Telemetry data that is relevant to the actual data analysis (or may at some future time be relevant) is stored indefinitely in PostgreSQL tables on a separate server (not in the main M&C database).



Real-time telescope health monitoring

We use the open-source system Icinga2 (similar to Nagios) to monitor the telescope health in real time, including both traditional server farm diagnostics (disk space, rack temperatures, which processes are running, query response times, etc, on dozens of servers) as well as custom diagnostics (autocorrelation power for each tile, software correlator status, etc). Icinga2 has flexible web dashboard panels summarising the health (OK, WARNING, CRITICAL, or UNREACHABLE) of all the telescope components in a hierarchical structure. It generates emailed alerts to the operations team when there are problems, and takes action itself for time-critical faults (for example, powering down entire server racks if the temperature is too high).

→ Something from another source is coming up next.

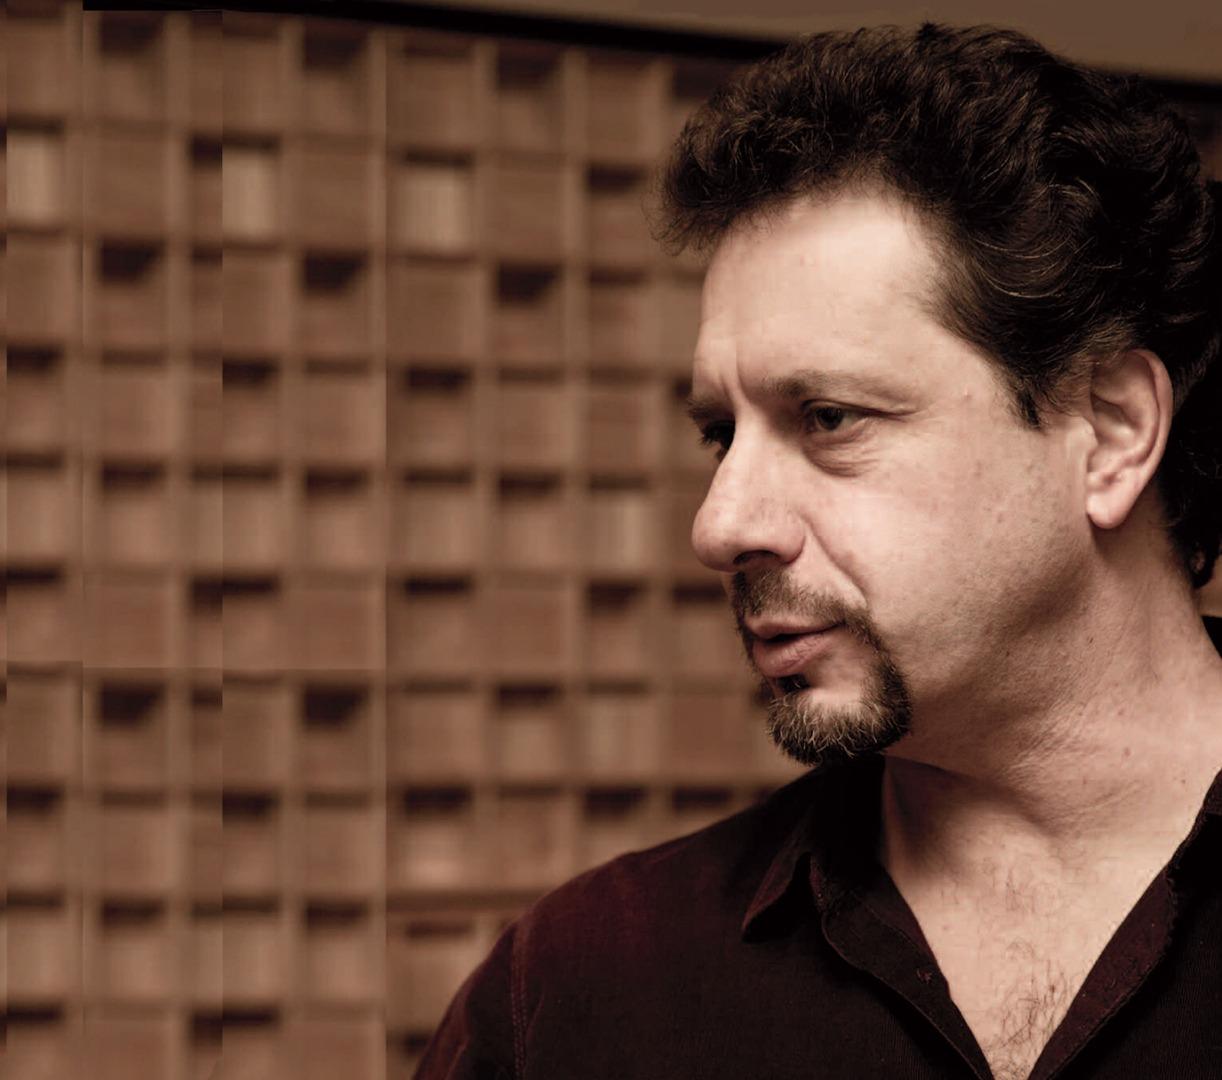 Keyboardist Bill Heller

Web pages and web services

There are a number of human-readable web pages used for telescope diagnostics, as well as machine-readable web services used by remote clients to collect metadata about observations. Most of these are Django services (available from the M&C server on site, and also from another Django server in Amazon’s AWS cloud, using the local database mirror), but there are a few traditional CGI scripts as well as static HTML and image files updated automatically at regular intervals.